Either you get over it or you just are over it. In the parlance of our times, I am so over it.
And I realized that teaching preschool is probably more like manufacturing fireworks than it is like anything else.
Grace is mostly a commitment.
In between the sneezing and snoring I have, since Thursday, been reconsidering church membership as a serious option. Pastor Mark said such a funny thing; something to this effect: "There seem to be a lot of PCA churches down there, as if that area attracts people who believe the Bible is true."
From the look on his face and his admission that he was called to PCUSA to work for "renewal," I took him to mean that we all want to be on the winning team because that is just one of the things we tell ourselves and yet it doesn't change the facts that God is sovereign and doesn't need us to be members of any denomination... because the word of God is true, no matter who says what. I don't mean to oversimplify or offend, for all I know he was saying something different and I just heard what I wanted to hear; that would not be a bit surprising.
Or maybe, though I know he would never say this, he meant to say what I probably need to hear: Oh, Abigail just shut up and hold still, this will only hurt (your pride) for a second. Altogether it is an honestly subversive remark to make (if that is possible) and I am taking it to heart. I think I could get behind a church that is so big it (unknowingly?)allows people like pastor Mark-believing the word of God to be inerrant, like he does-to, um, join in at the risk that he might (gasp) somehow bring with him some kind of renewal.

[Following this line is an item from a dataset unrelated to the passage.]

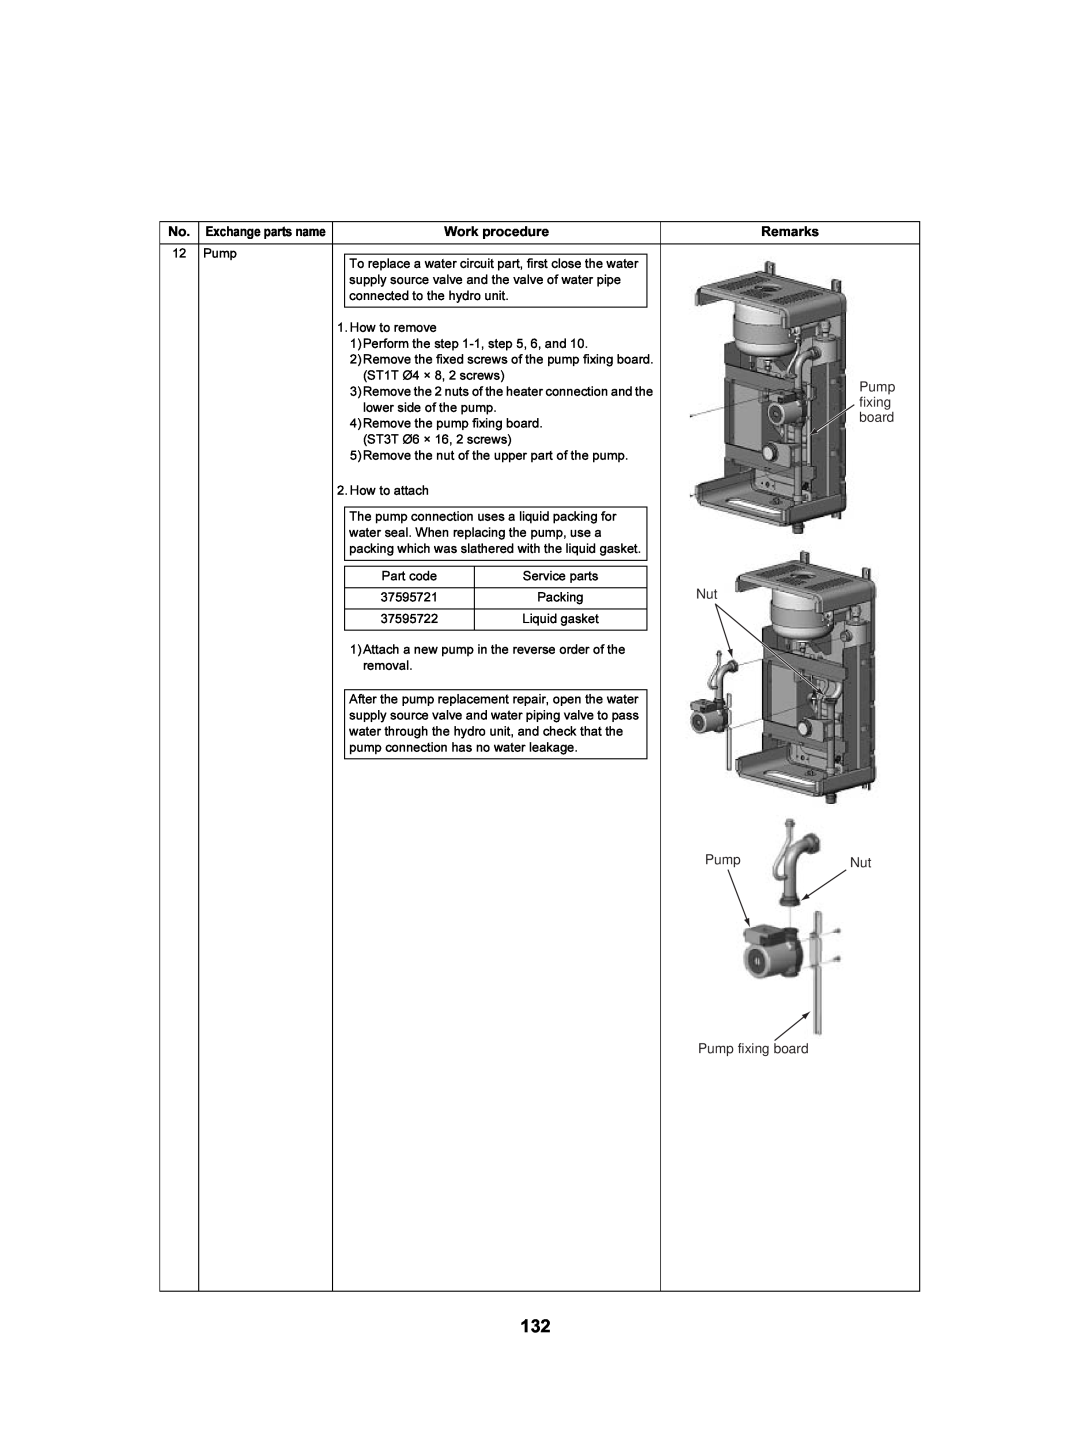 Toshiba HWS-3001CSHM3-E(-UK), HWS-802XWHT6-E, HWS-802H-E Work procedure, Remarks, PumpNut Pump fixing board

Here is where I apply the old Groucho joke: I wouldn't want to be a member of any club that would have someone like me for a member... or something like that. But I am not sure that the church body knows we aren't members already. It has only been since we moved back into town that we quit the worship team on Sunday mornings. Martin was even on the payroll for four years. Which begs the question: do they know we aren't members and, simply enough, they don't care?
In which case, it might be fun to ruffle a few feathers and confess that we are, at last, willing to, well, confess?
Which leads me to my next question: where is the PCA when you need it, anyway?
The answer is that there are five in San Jose, but the closest is about an hour away and my husband has this idea that maybe we should go to a church in the community we live in (clearly, he is the brains behind the operation) and I am here afforded the luxury of submission. That too is Pastor Mark's doing, he married us after all. I just keep telling myself: membership will be what it is and who am I if I don't stand up on teal colored carpet between two brown pews and praise Jesus?